Так они вдвоем и правили. Отец больше по домашности, а Марко — поехать куда-нибудь, купить, продать. Меньшим братом был, должен был бы нас со Степаном уважать, а он, чуя за собой отцовскую руку, такую волю взял над нами! Стал прикрикивать, как на работников. Забежит иной раз на степь, где мы жили все лето, — я, Степан, Федька, сын мой, Степановы девчата, — как приказчик, на дрожках, плетка в руке. И то ему не так и это не так. Сено перестояло, мало скосили, рано выпрягаем. «Вы, говорит, мне тут пошевеливайтесь веселее! Чтоб к воскресенью все сено было в стогах». Степан как-то не вытерпел. «Тебе-е? — говорит. — Ах ты, шут гороховый! А этого тебе не желательно?» — да как хватит его по спине вилами, тот с дрожек и кувыркнулся. Что там было! Марковы дети — на Степана, мы с Федькой вступились за него — и нам попало. Бабы передрались. И такое случалось у нас не раз, а частенько…
Вот так и жили. Денег отец на руки никому не давал. «Хлеб жрете? — говорит. — Одежа, обувка есть? На что вам еще? На баловство?» Как раз была у нас такая жизнь, как вот некоторым нравится: несчитанное, немереное, неделенное. Степан пытался было кой-когда посчитаться — один скандал. Но чуяли мы с ним, что дела неладные. Куда-то же они деваются, эти деньги, что выручаем за хлеб, за скот?
Долго жили мы вместе. Федору моему уже двадцать лет было, когда поделились. Все-таки поделились. Когда уже всем стало невмоготу. Больше всех досталось Мотьке бедной, Степановой жинке.
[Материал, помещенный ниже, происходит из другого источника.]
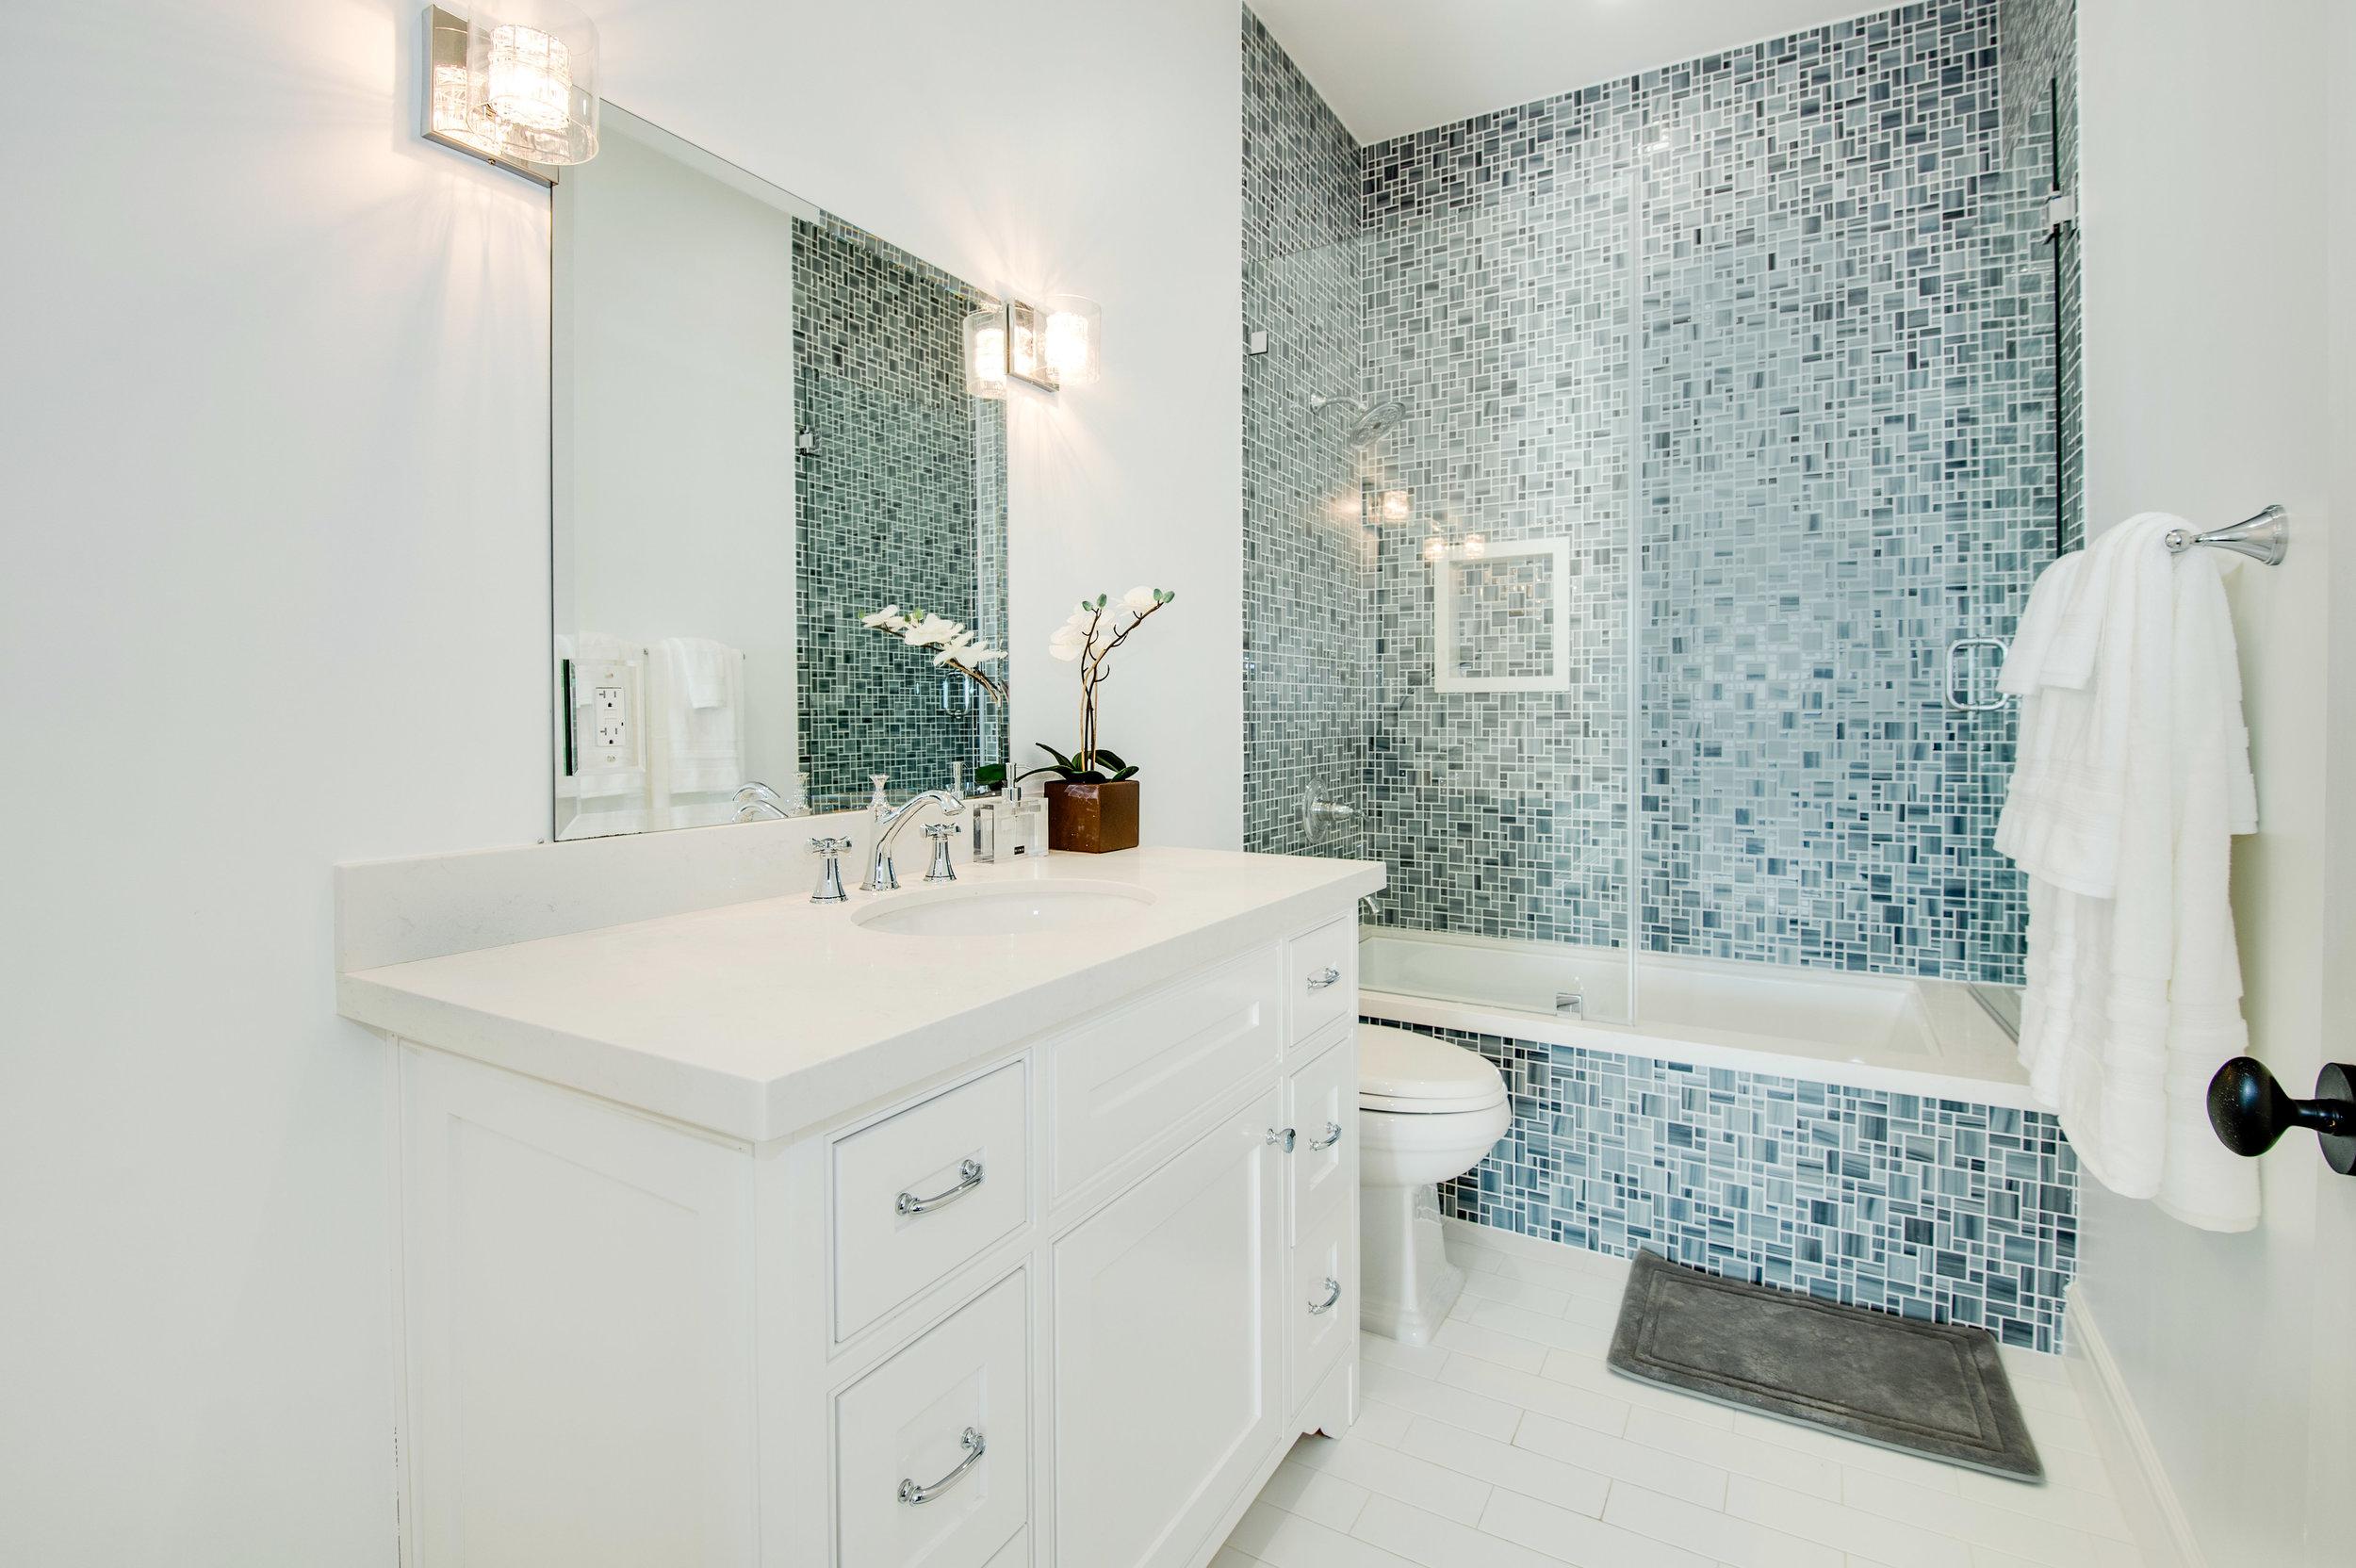 019 Bathroom 17819 Castellammare Drive Pacific Palisades For Sale Lease The Malibu Life Team Compass Luxury Real Estate.jpg

Загнали бабу в могилу…
Мотька была молодица такая, что по нынешним временам не знаю как бы ее и возвеличили за ее работу. Первой ударницей прославили бы. Собою была щупленькая, худенькая, но в работе — огонь! И на степи ворочала за троих и дома. На все руки была мастерица. Мы хоть зимою отсыпались вволю, а Мотька круглый год не знала отдыха. Все спят уже, и бабы спят, а она сидит чуть не до рассвета при каганце, шьет. Всю ораву одевала. Штаны, рубахи наши эти самые холщовые — все это ее работа была. Сама и пряла, и ткала, и шила. Но раз уже пошло у отца со Степаном разногласие, и невестка немила стала, ничем не могла ему угодить. Не так ступнула, не так повернулась, не так села. Отец и называл ее не иначе, как в насмешку, — модистка. «А где ж это наша модистка? Эй ты, модистка!», «Так — черт-те что, не молодица! — говорил он. — В чем только душа держится, кожа да кости, сказано — модистка! Гашка, вот это баба! Нашей породы, крестьянской. Мешок за хорошего мужика понесет». Гашка, Маркова жинка, была его любимая невестка. Ростом на голову выше Марка, пудов шесть весу — идет, земля под ней дрожит.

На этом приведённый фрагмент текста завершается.